I am able to save my actions as a selenium Test Case, and with that I am able to bring back my facets, but this seems unnecessary. I thought that the facets would persist a little bit longer.
_Original issue: http://code.google.com/p/google-refine/issues/detail?id=560_
_From tfmorris on April 20, 2012 22:17:08:_
Facets don't even persist across project editing sessions, let alone export/import cycles, so that would be the first thing to do before being able to export them.
One possible workaround, depending on what you're trying to do is, if you've got a set of rows selected with facets, you can flag or star the rows so that you have a permanent record of which rows were selected.
The one way that you can preserve facets and their state (selections, etc) is to click the "Permalink" link at the top of the project page.
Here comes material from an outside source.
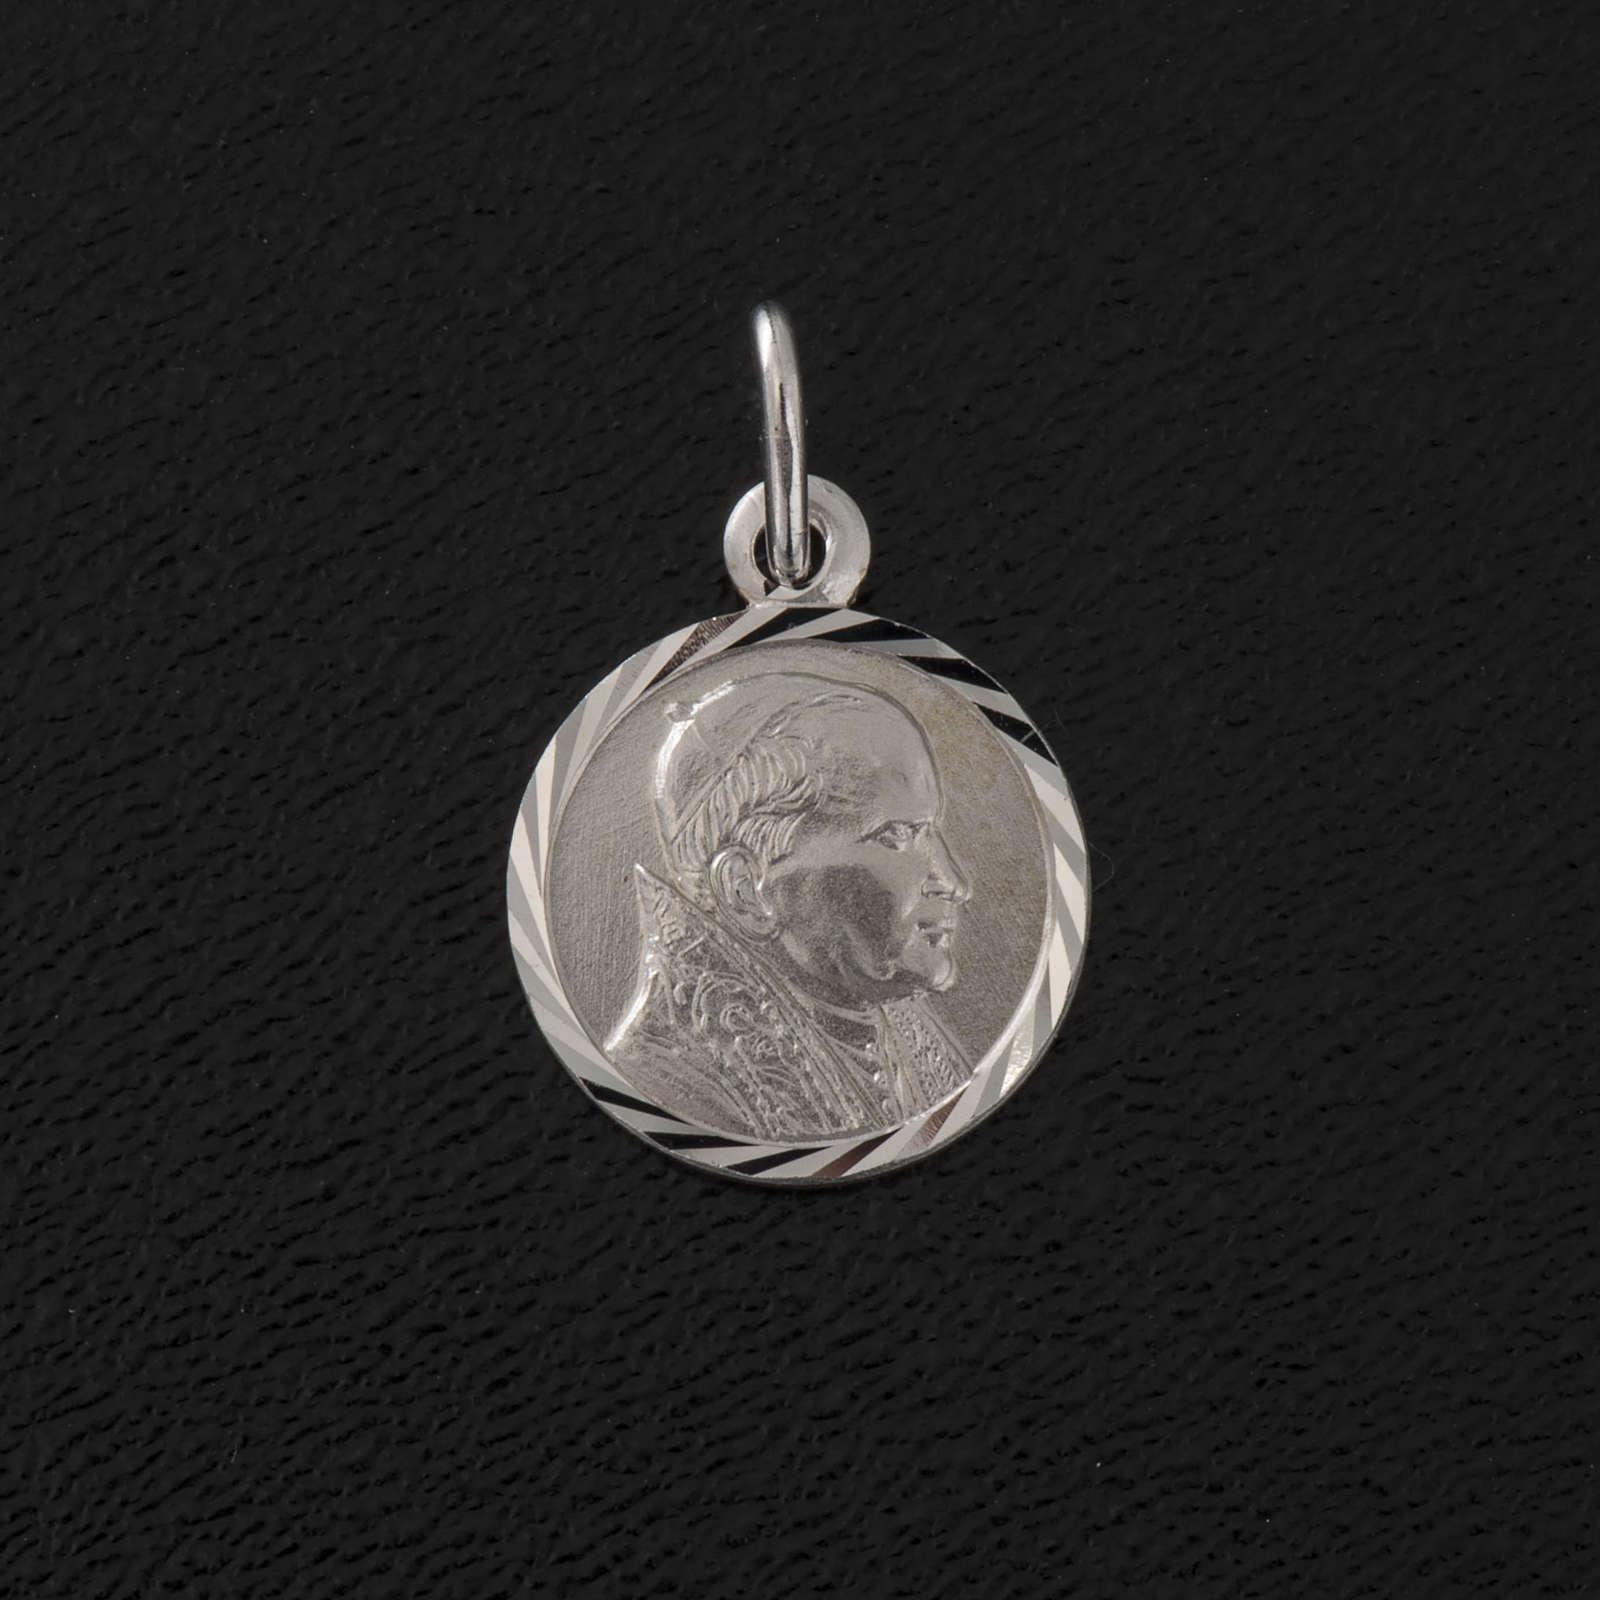 Medaglia Giovanni Paolo II argento 925 diam. 1 cm 4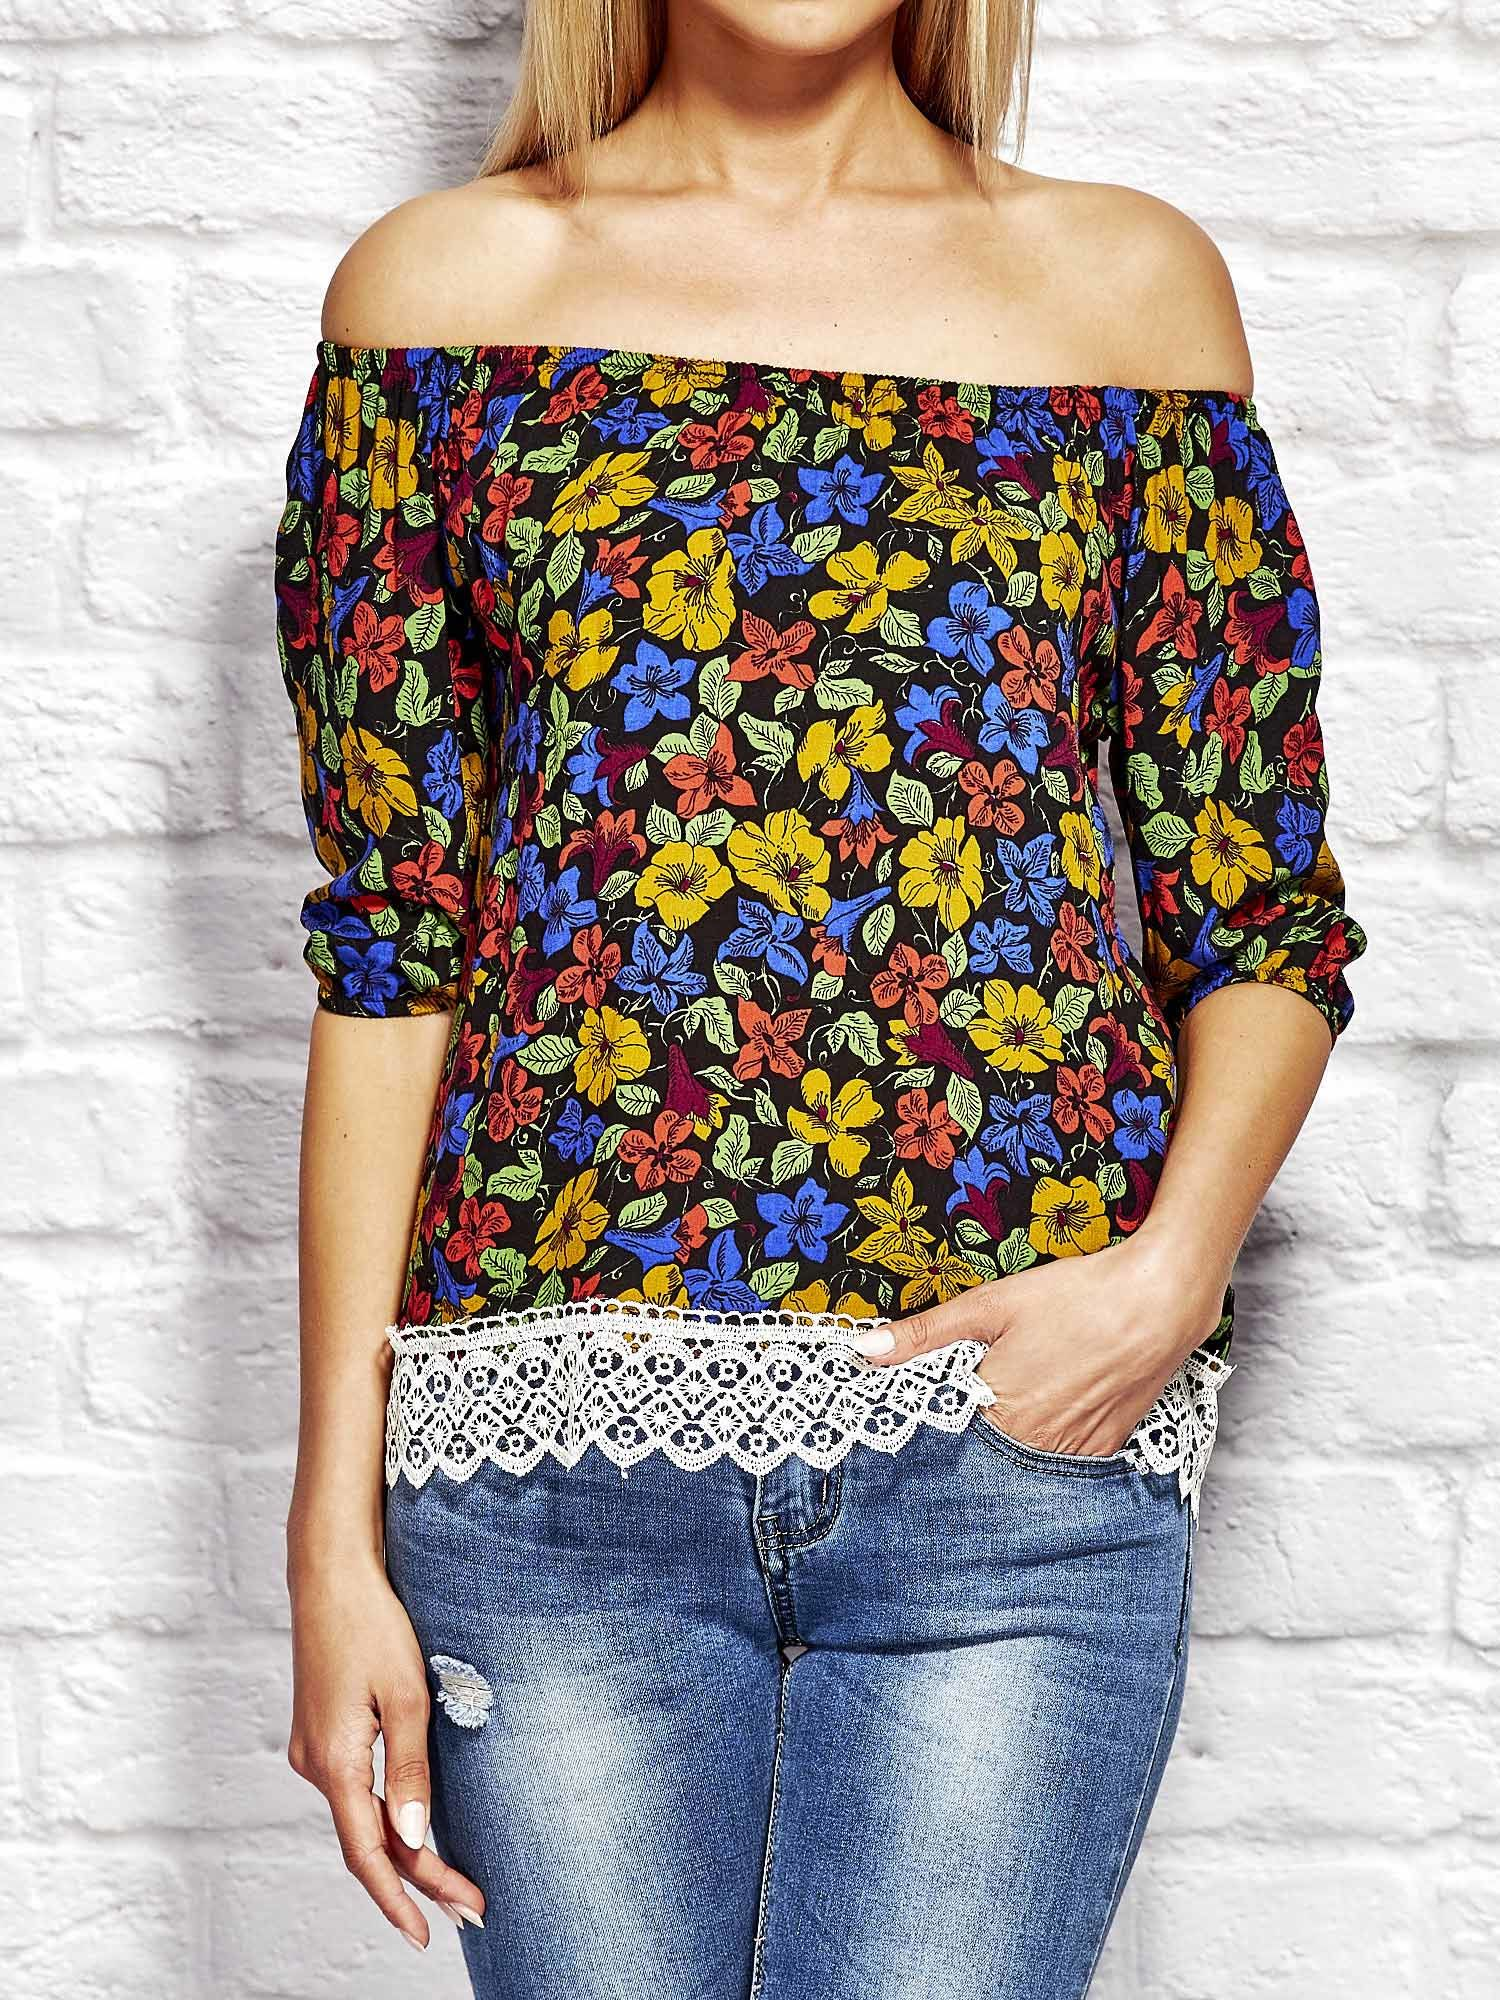 c5f2d3dfa655 Niebieska bluzka w kolorowe kwiaty - Bluzka wizytowa - sklep eButik.pl

This will fill in the browser address bar with a big long URL that contains the browser information encoded in it.
The permalink option to preserve facets doesn't seem to work for larger amounts of facet selections.
I tested the permalink option with approximately 50 text facets (worked fine), then tested with 136 --this returned a blank page.
Using OpenRefine 2.6 beta 1 [TRUNK] for Windows
@anayram wouldn't permalinking 136 facets exceed the 2000 character limit of URLs?
I've wondered is there a more concise way of encoding facet settings in a permalink than the current implementation?
You are right, the current method creates really long urls.
Even the ability to print the contents of the facet results to a file would help. As it is, there seems to be no way to select, export, or save the results of a large faceting exercise.
I am keeping this issue in mind for 4.0, it's one of the things we can change as we redesign the architecture of the tool.
Hi Alan,
Actually, we currently do support copying facet values through a mechanism of the clipboard.
On each facet, you will have a blue link for "choices" that you can click on.
This will open another panel that has the textual representation of the facet values.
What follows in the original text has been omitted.